The expected answer is the data below, printed verbatim without its pictures.

_Dataset section_.
##############################

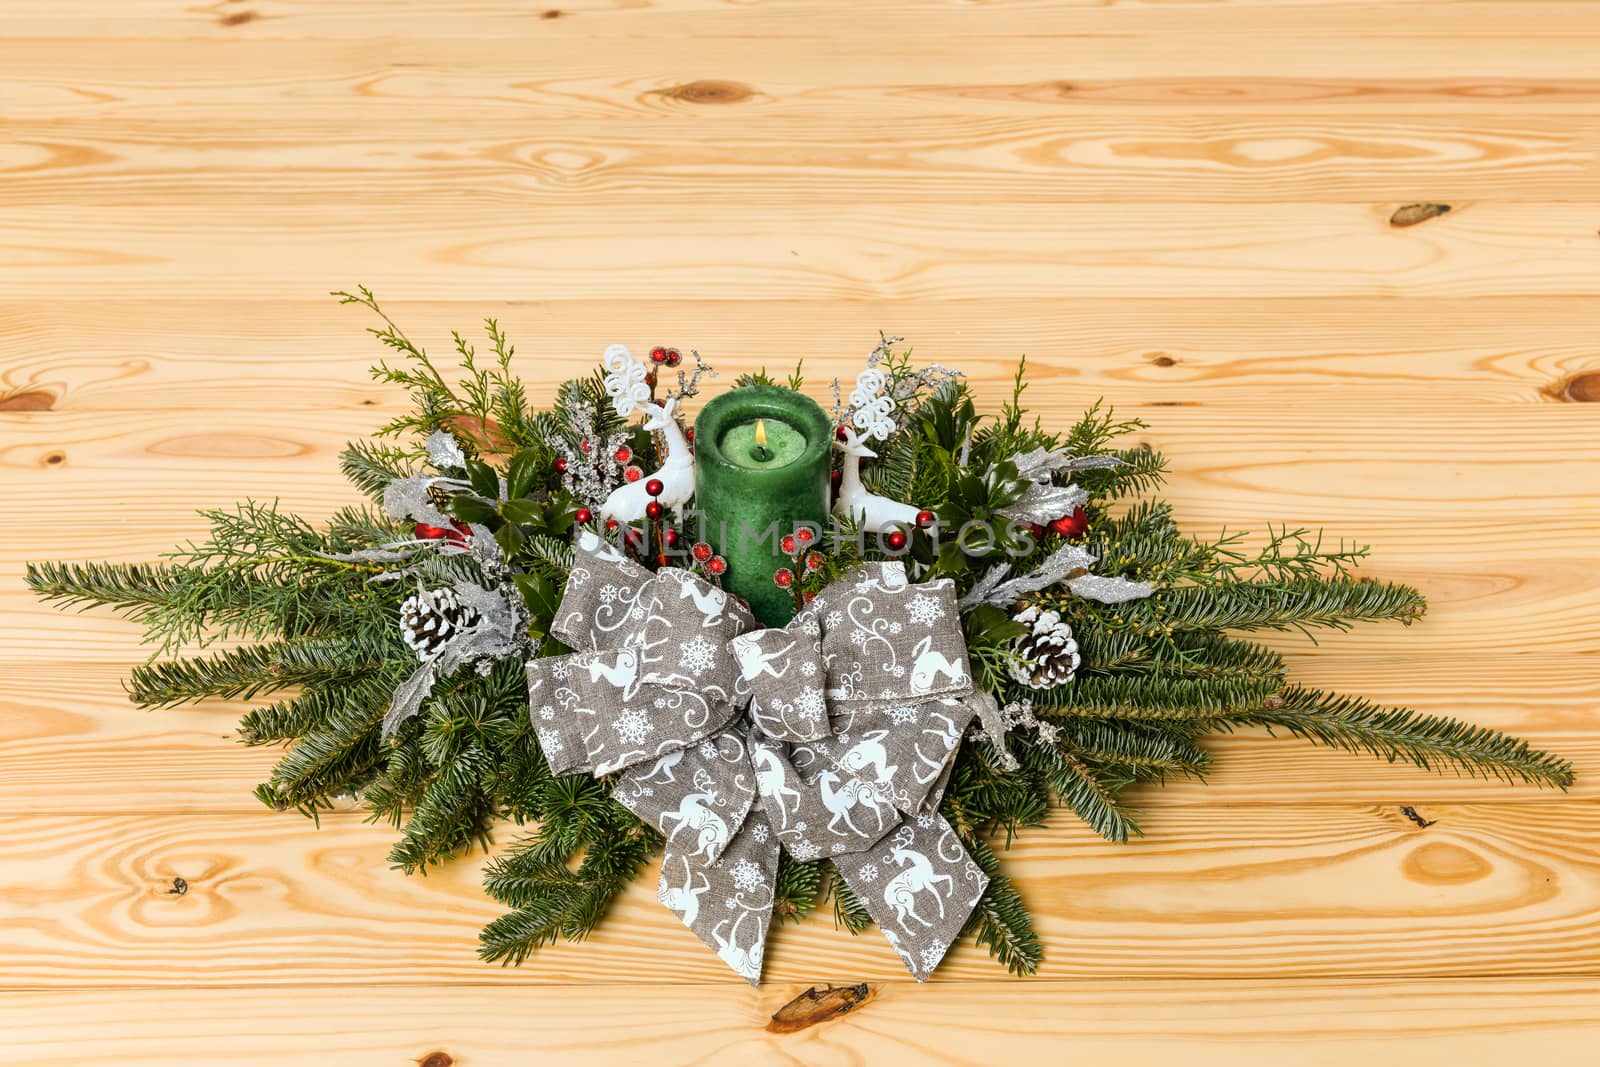 Christmas festive decoration with red baubles, holly with red berries , snow covered pine cones and winter greenery over woodpanel background.
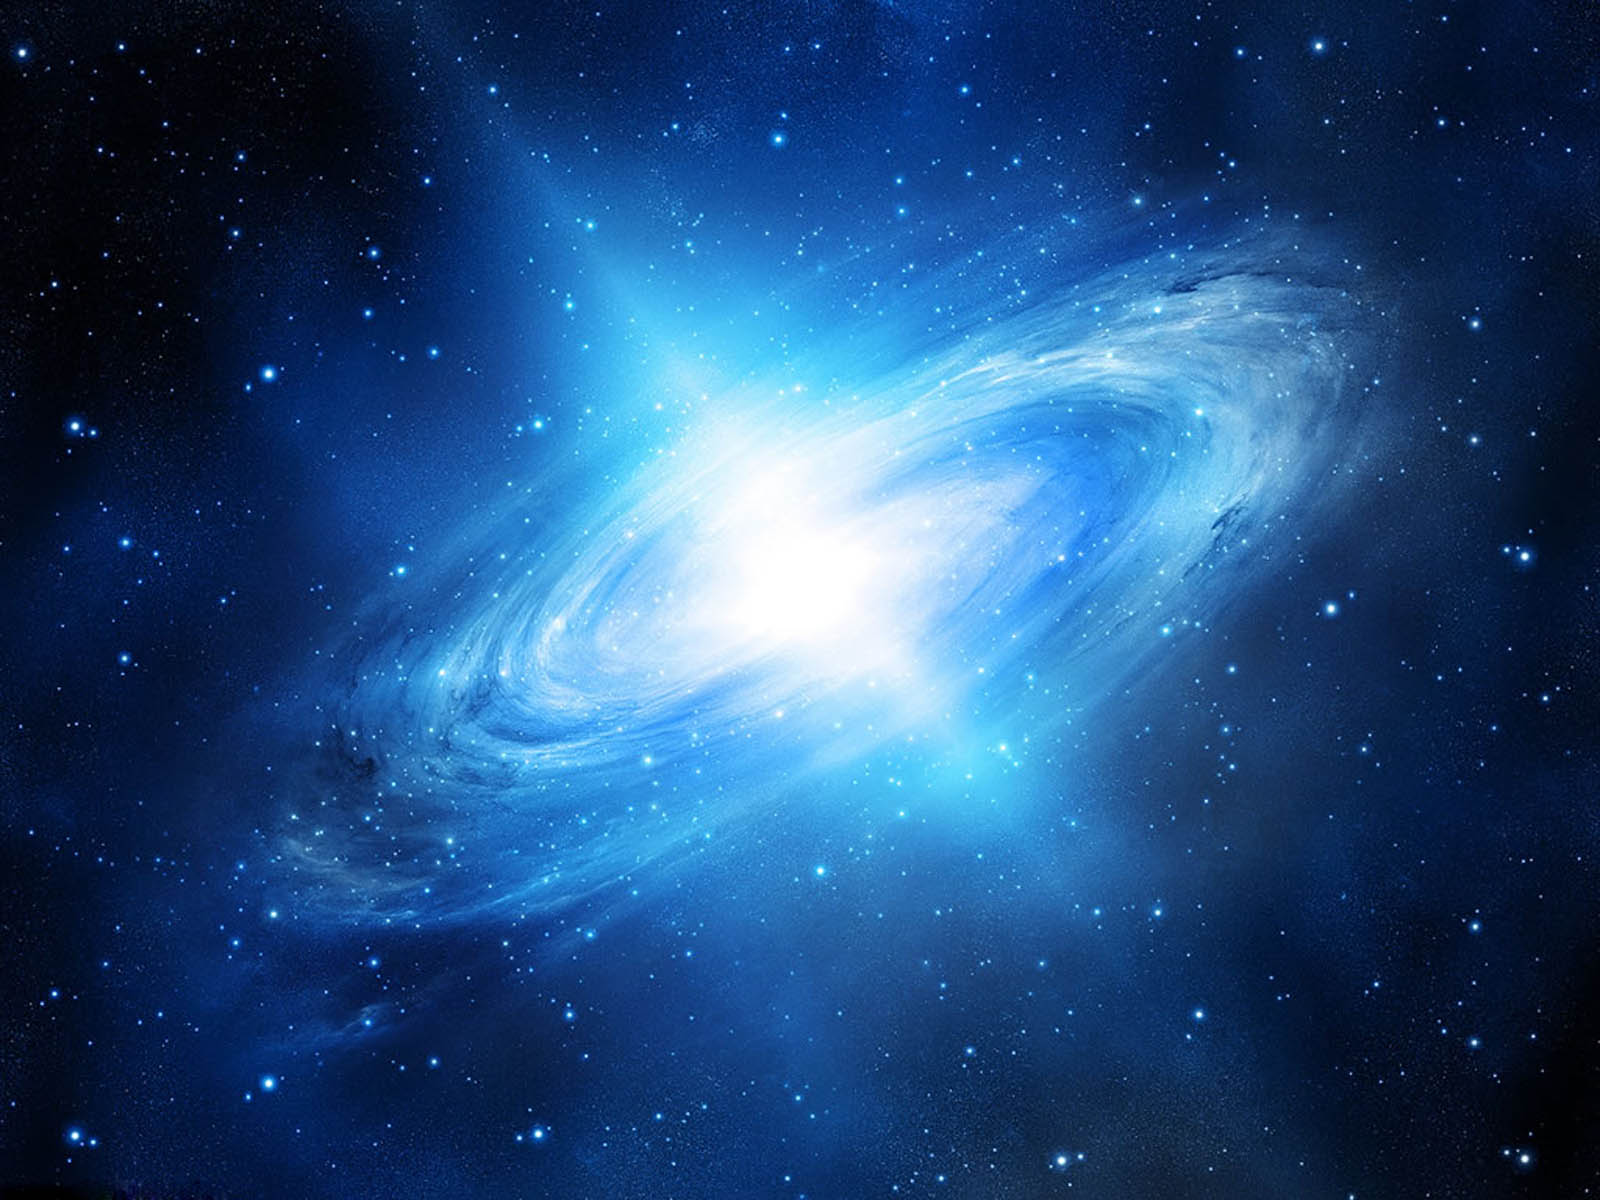  Space Wallpapers Images Photos Pictures and Backgrounds for 1600x1200
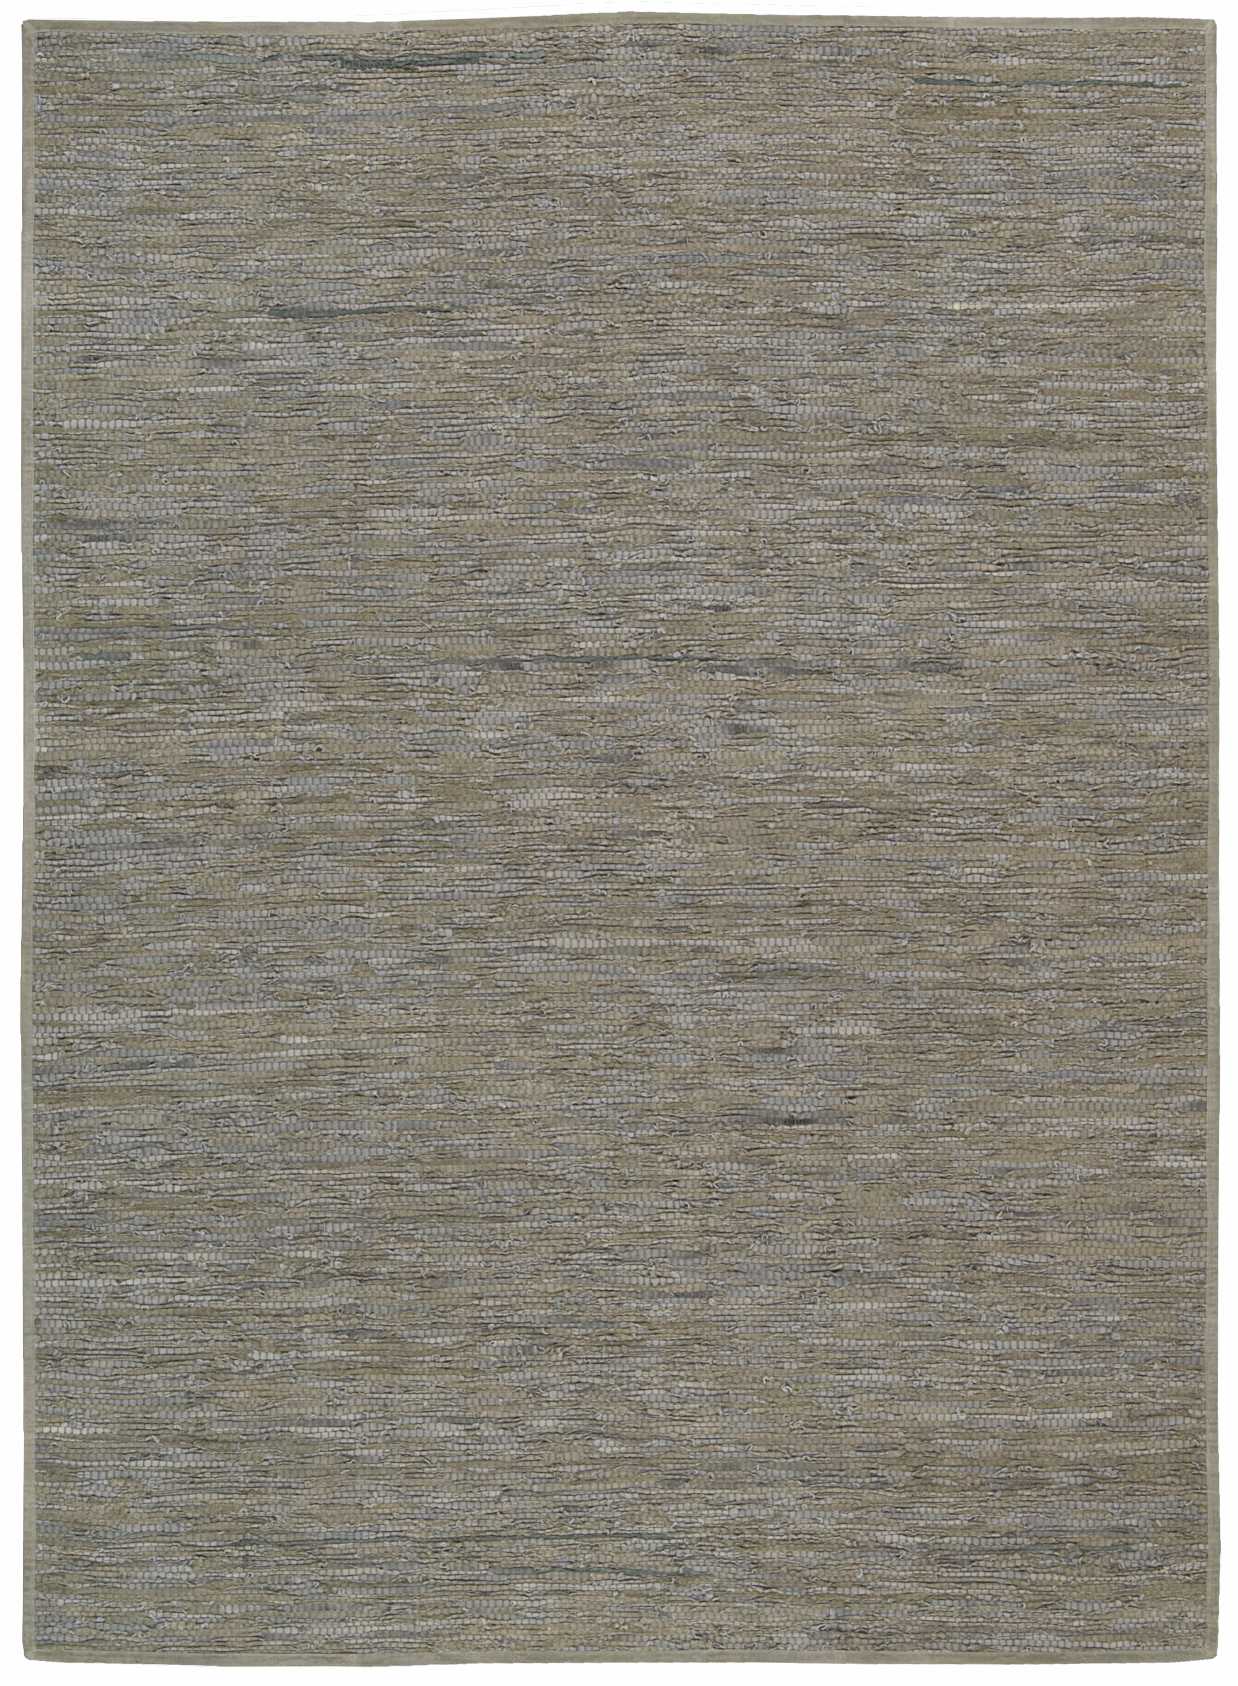 Joseph Abboud Stone Laundered Stone Area Rug by Nourison
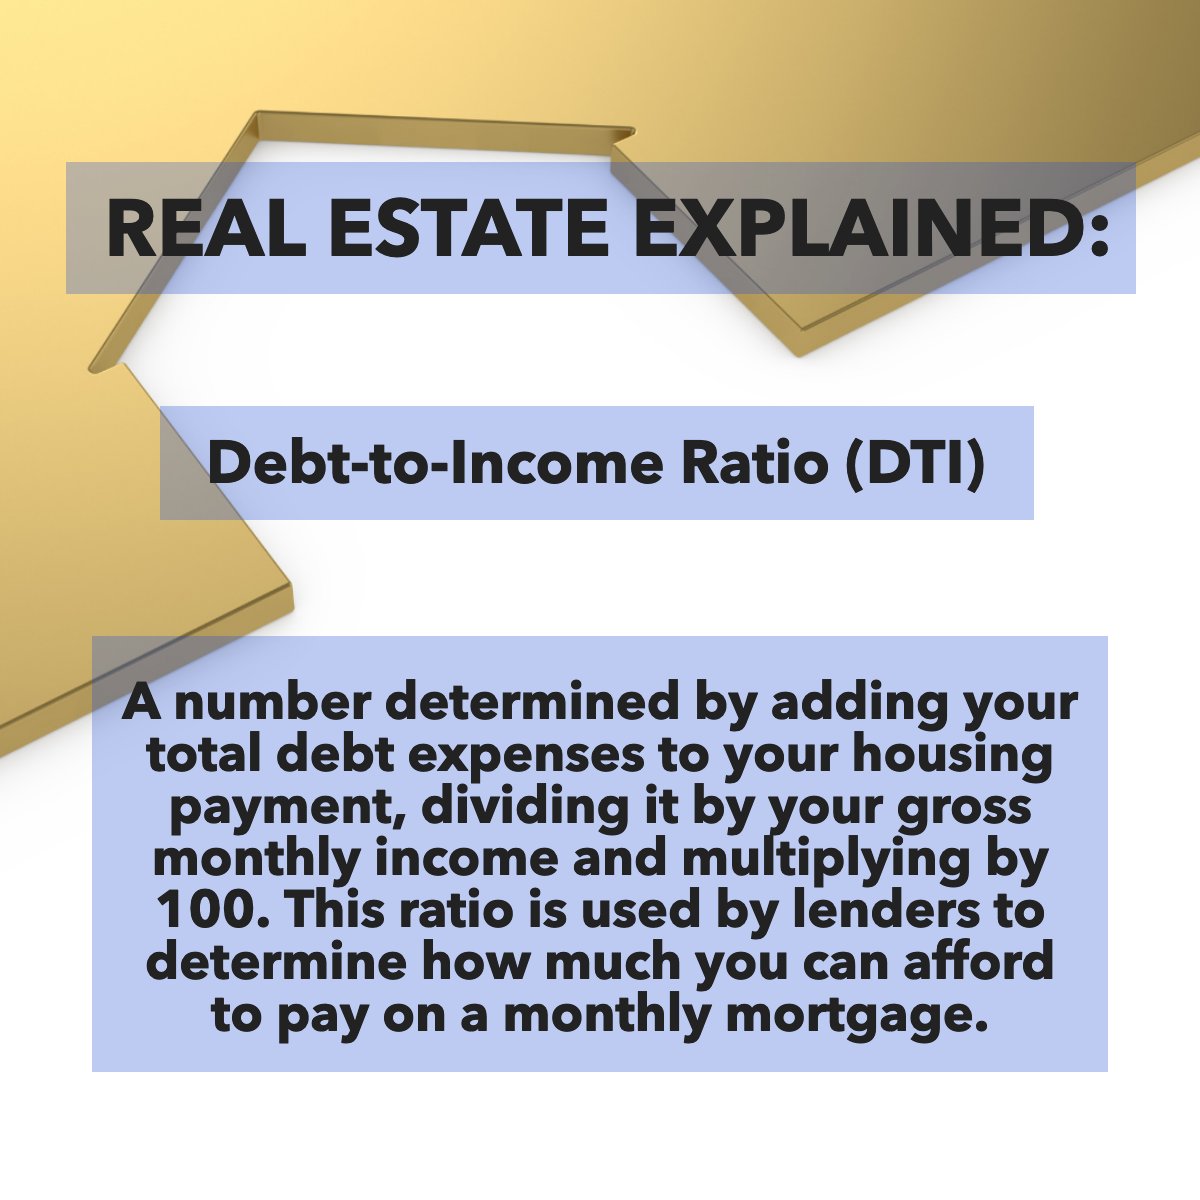 Real Estate Explained: 'Debt-to-Income Ratio (DTI)' Real estate agents sometimes use terms we might not be familiar with, here's one you can't miss. 💰📈 #realestate #debttoincome #realestateadvice #realestateexperts #realestate101

##############################

_Exercise solution_.
 Christmas festive decoration with red baubles, holly with red berries , snow covered pine cones and winter greenery over woodpanel background.
  Space Wallpapers Images Photos Pictures and Backgrounds for 1600x1200
 Joseph Abboud Stone Laundered Stone Area Rug by Nourison
 Real Estate Explained: 'Debt-to-Income Ratio (DTI)' Real estate agents sometimes use terms we might not be familiar with, here's one you can't miss. 💰📈 #realestate #debttoincome #realestateadvice #realestateexperts #realestate101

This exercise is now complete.